*** Opening of Data excerpt ***
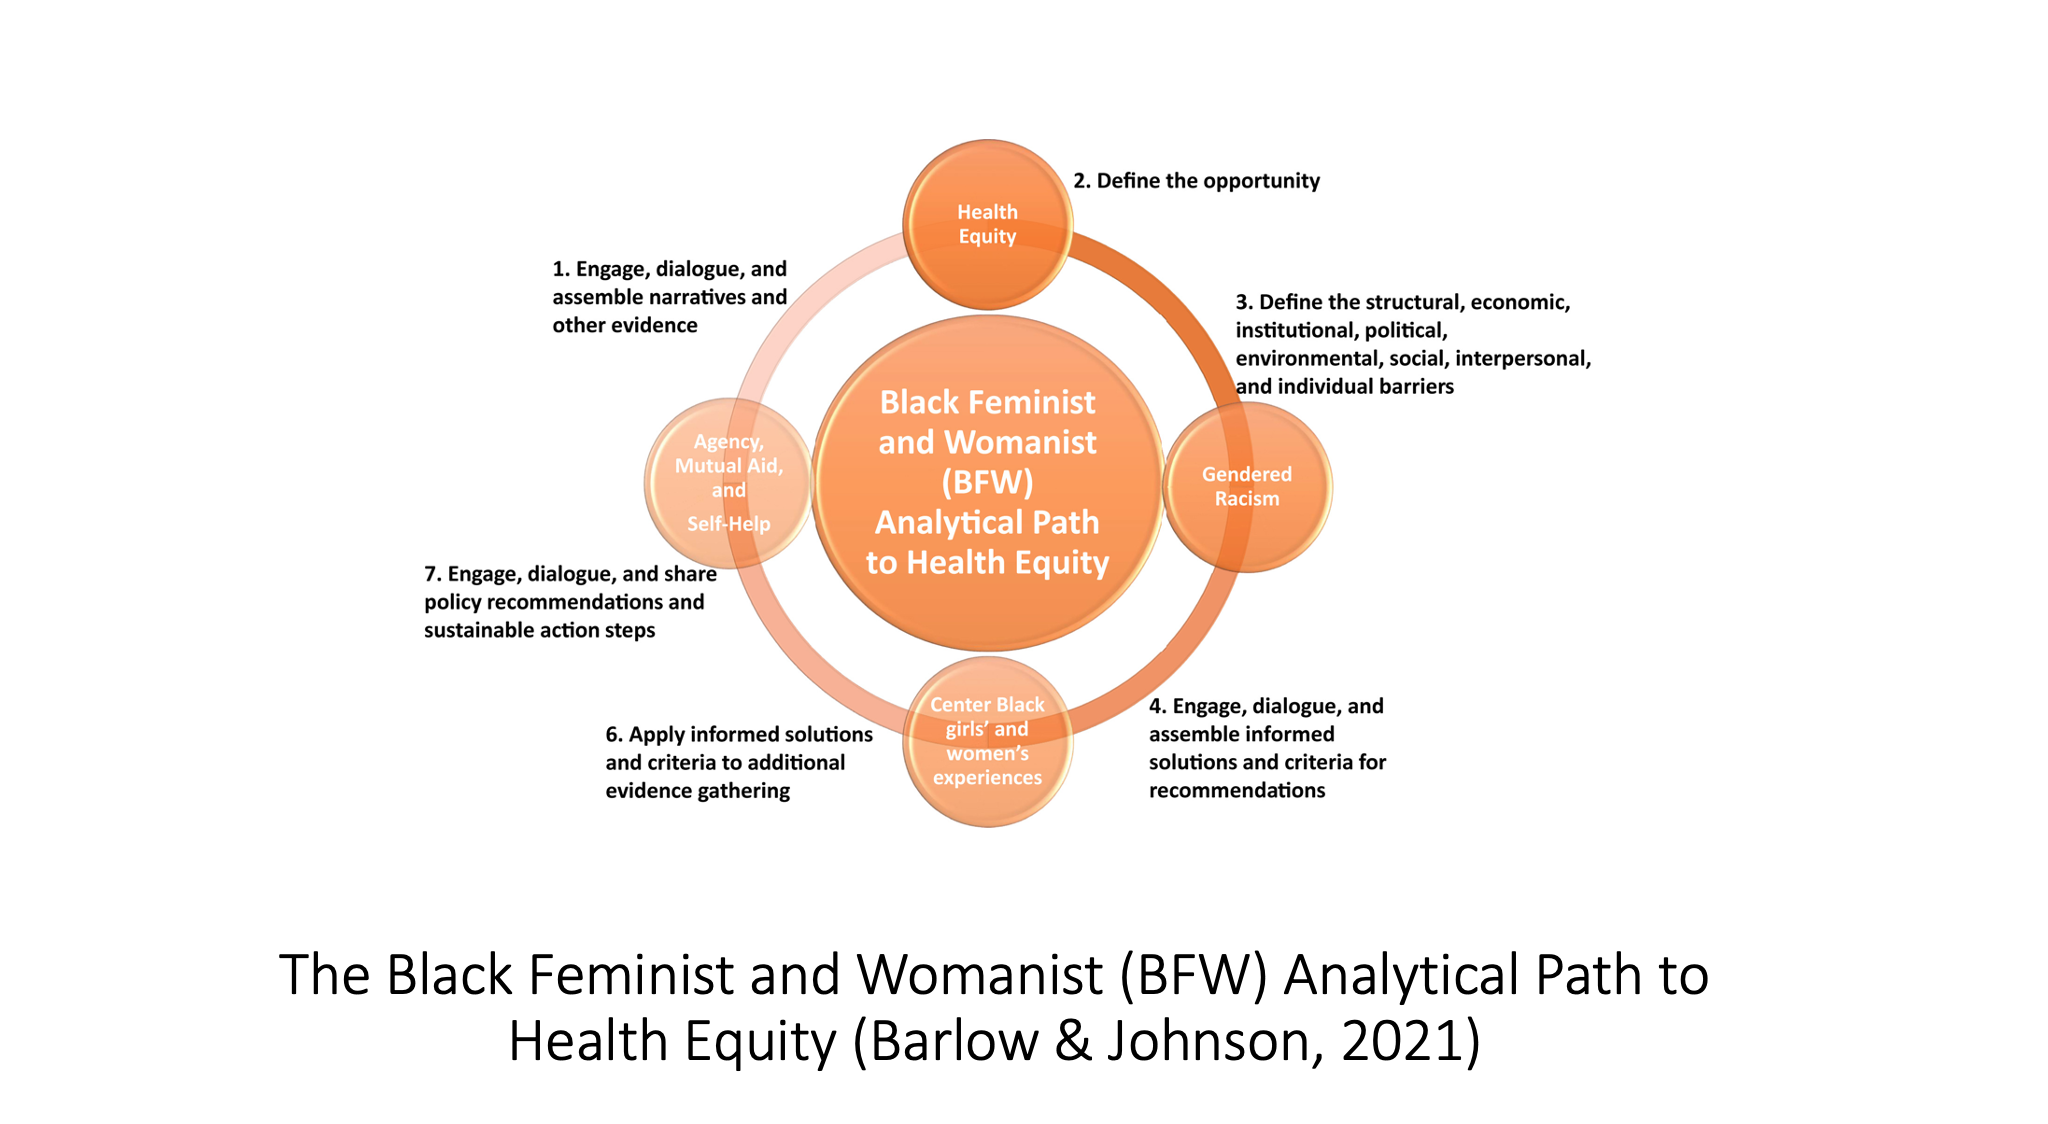 Schematic of The Black Feminist and Womanist Analytical Path to Health Equity
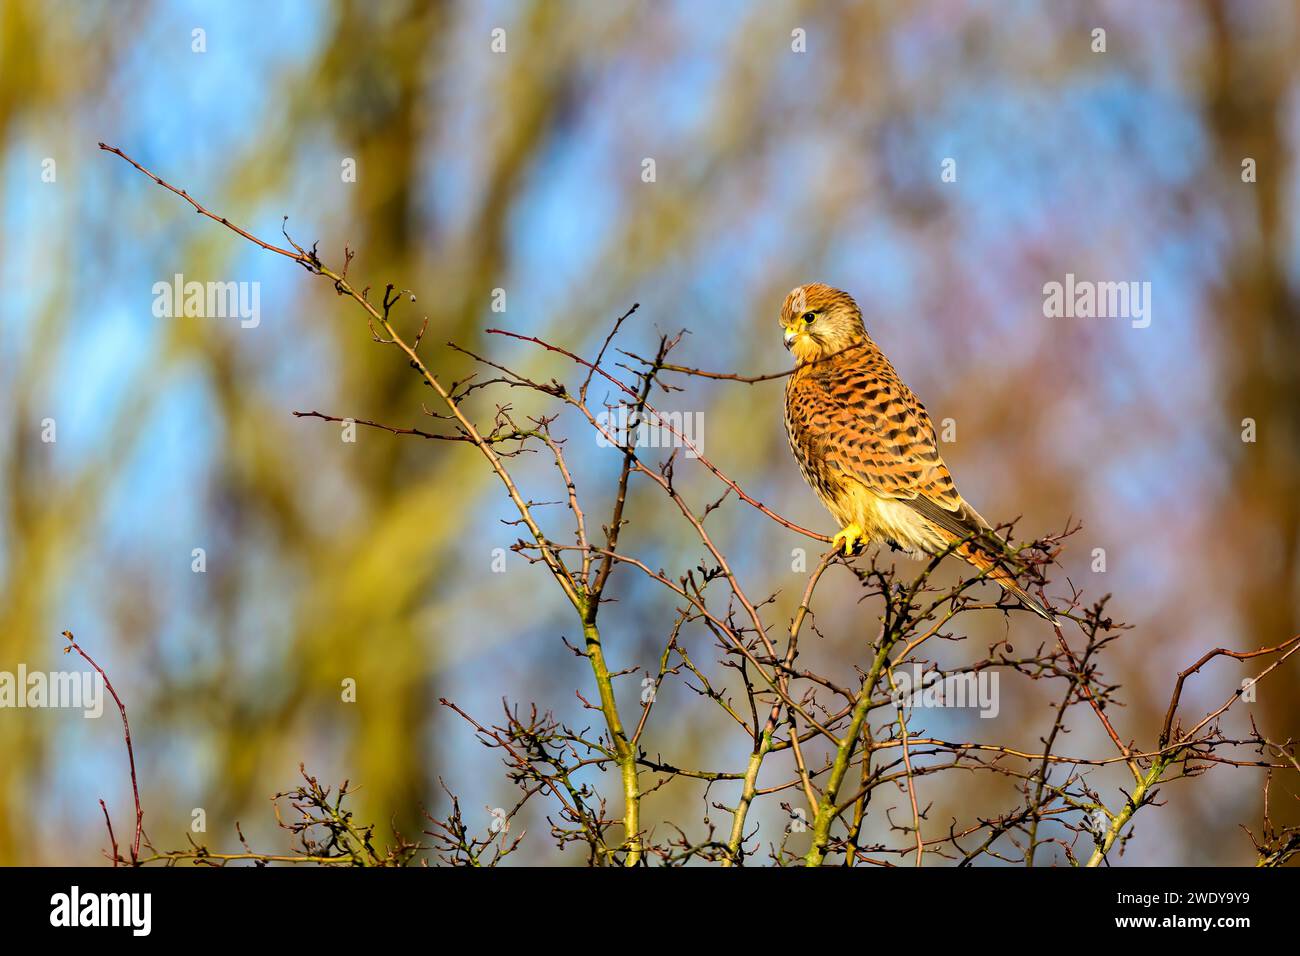 Female Kestrel, Falco tinnunculus, perched on a tree branch Stock Photo
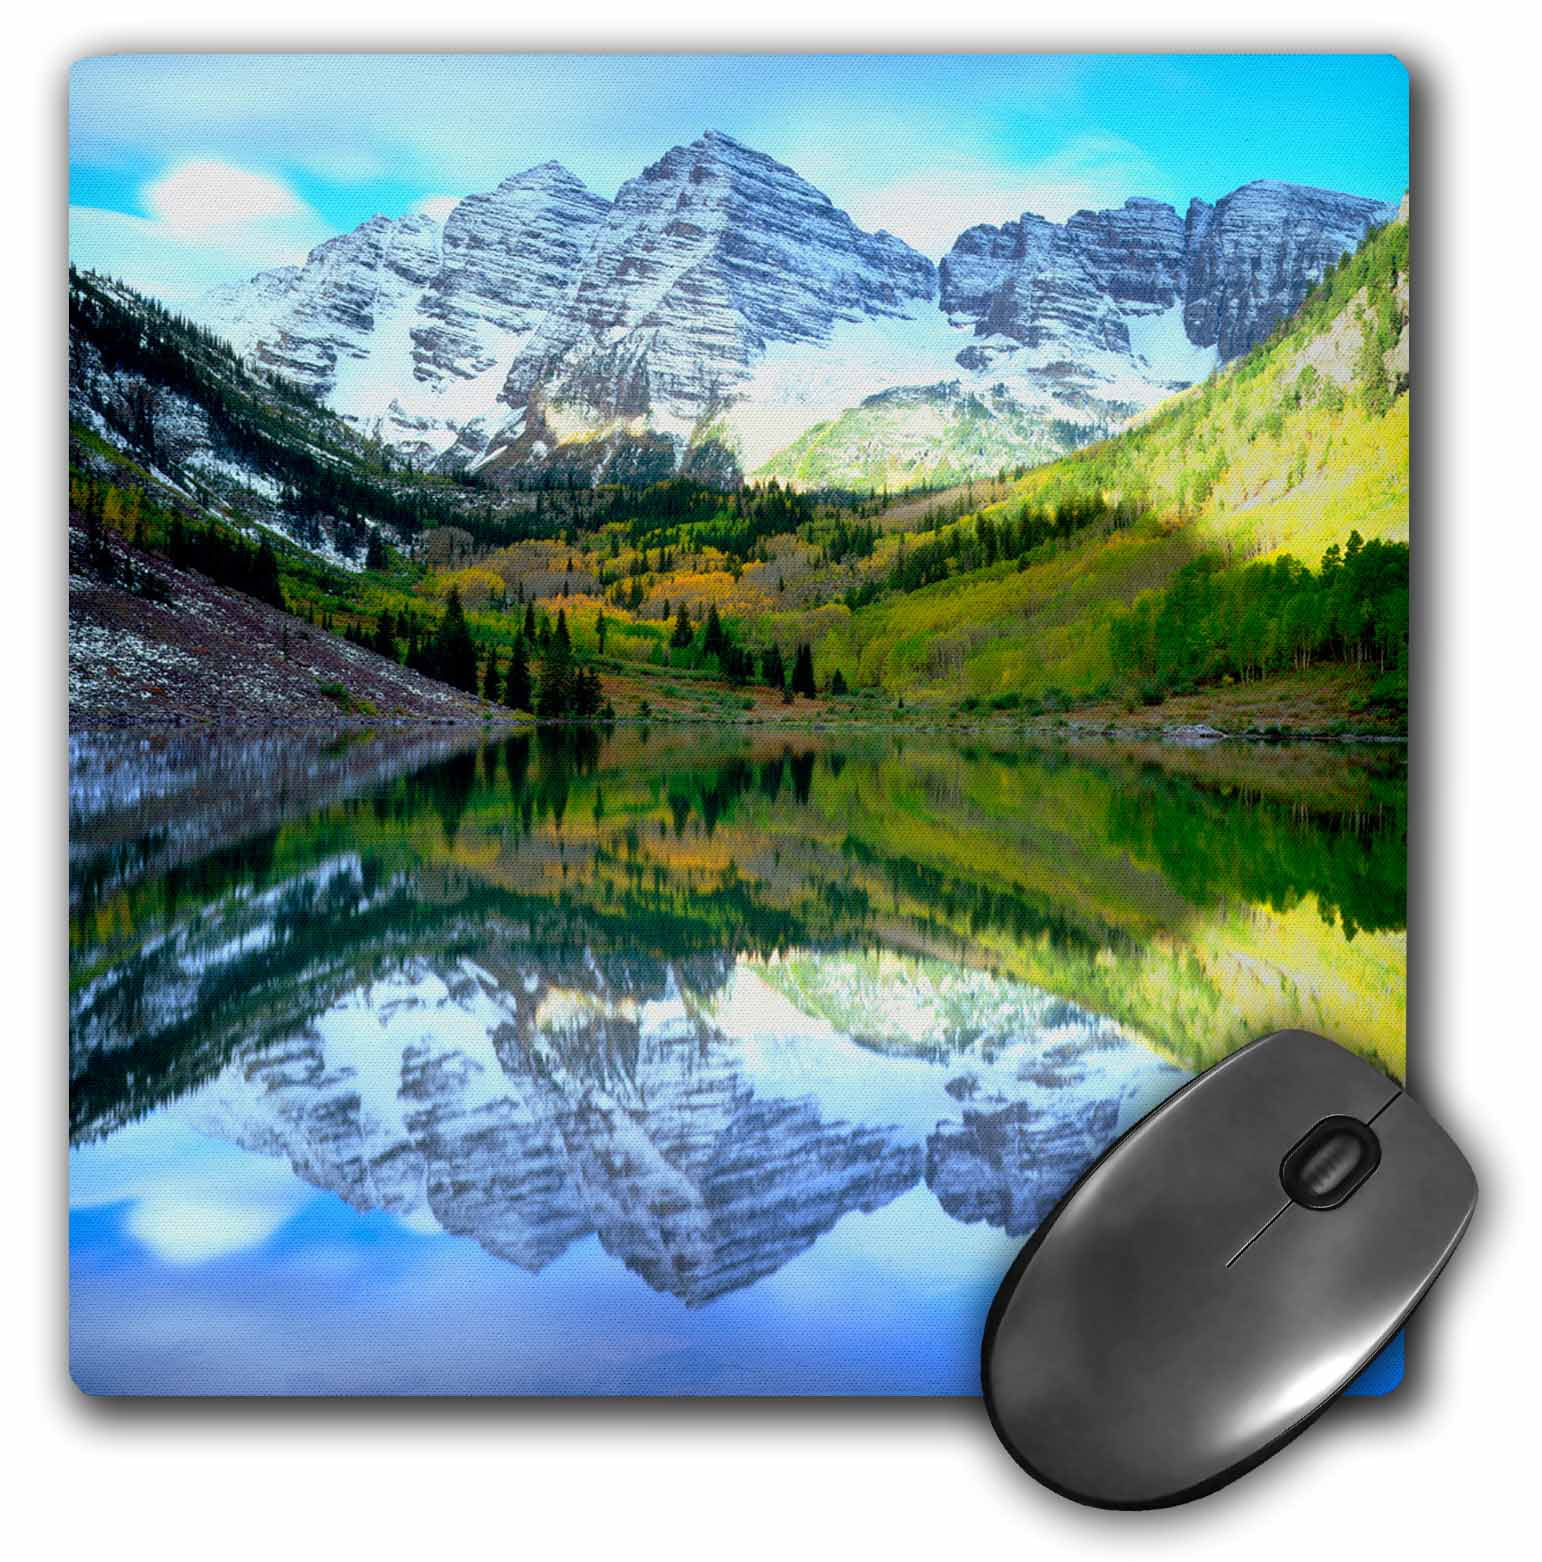 Optical 2.4G Wireless Mouse Lion Portrait Green Eyes Wild Big Cat Africa KOOLmouse
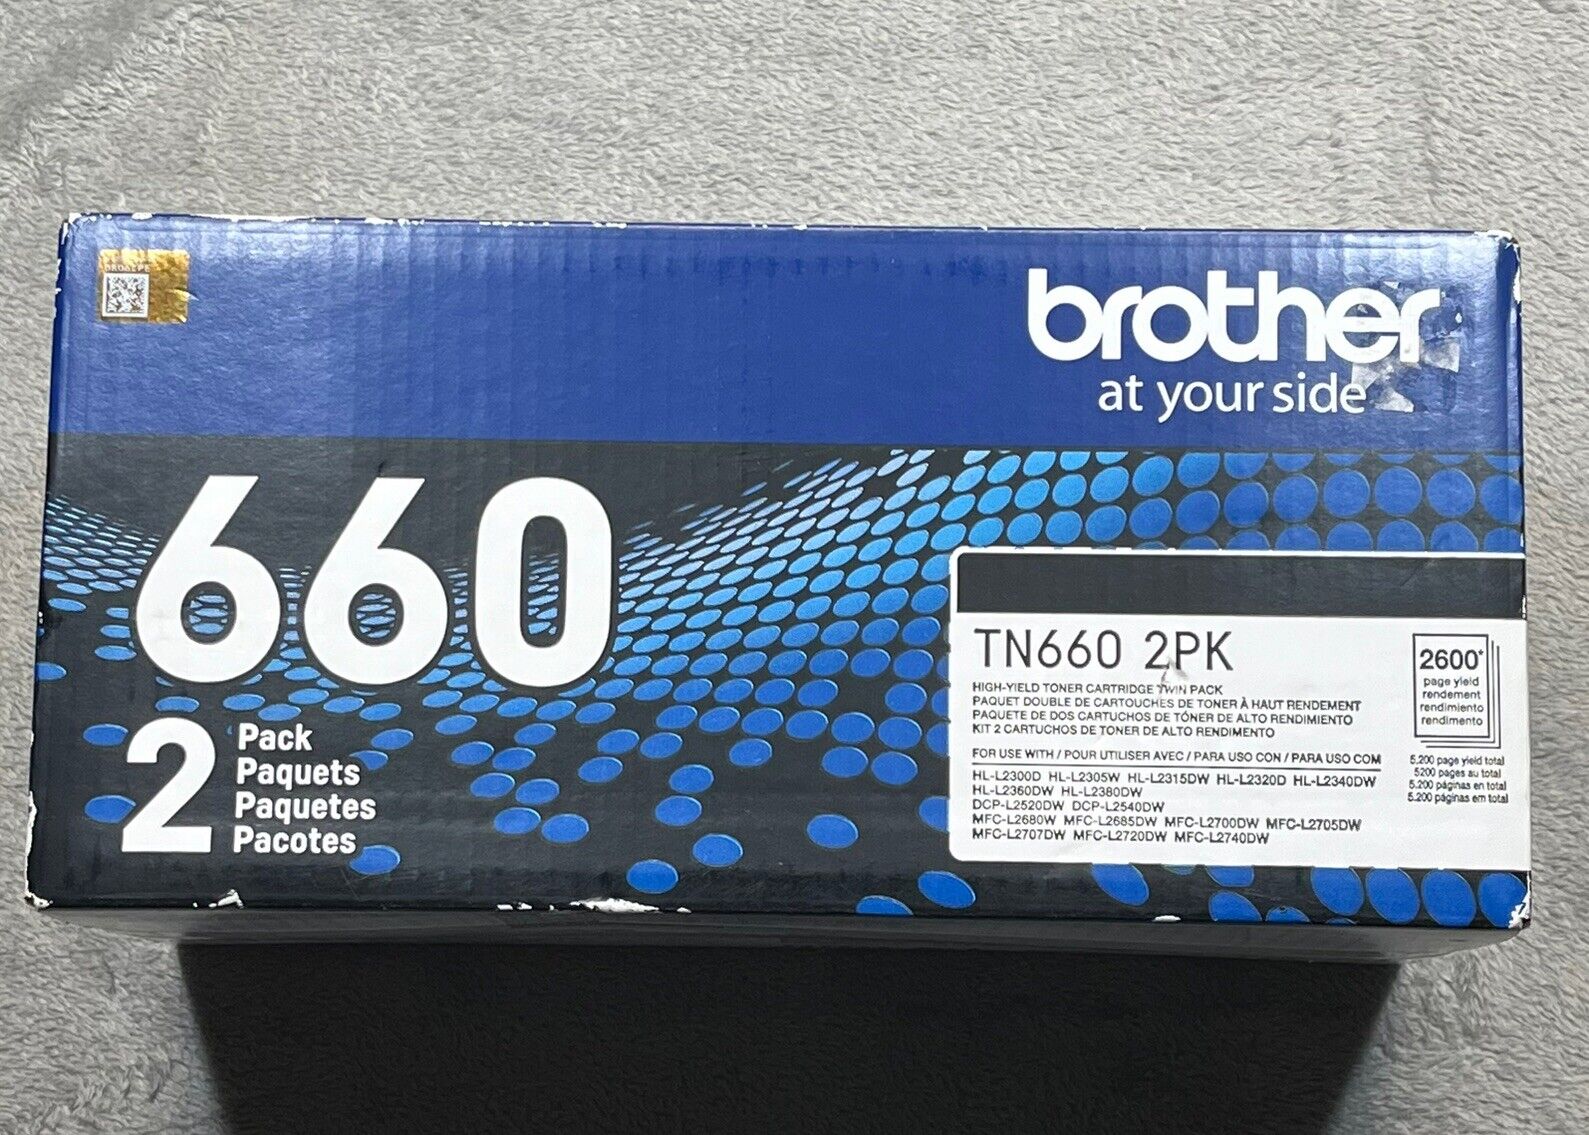 Twin Pack Brother TN-660 GENUINE High Yield Laser Toner Cartridges New Sealed
*** Close of Data excerpt ***
_The task_:
Write out the listing again word for word, but without its pictures.

_Output below_:
 Schematic of The Black Feminist and Womanist Analytical Path to Health Equity
 Female Kestrel, Falco tinnunculus, perched on a tree branch Stock Photo
 Optical 2.4G Wireless Mouse Lion Portrait Green Eyes Wild Big Cat Africa KOOLmouse
 Twin Pack Brother TN-660 GENUINE High Yield Laser Toner Cartridges New Sealed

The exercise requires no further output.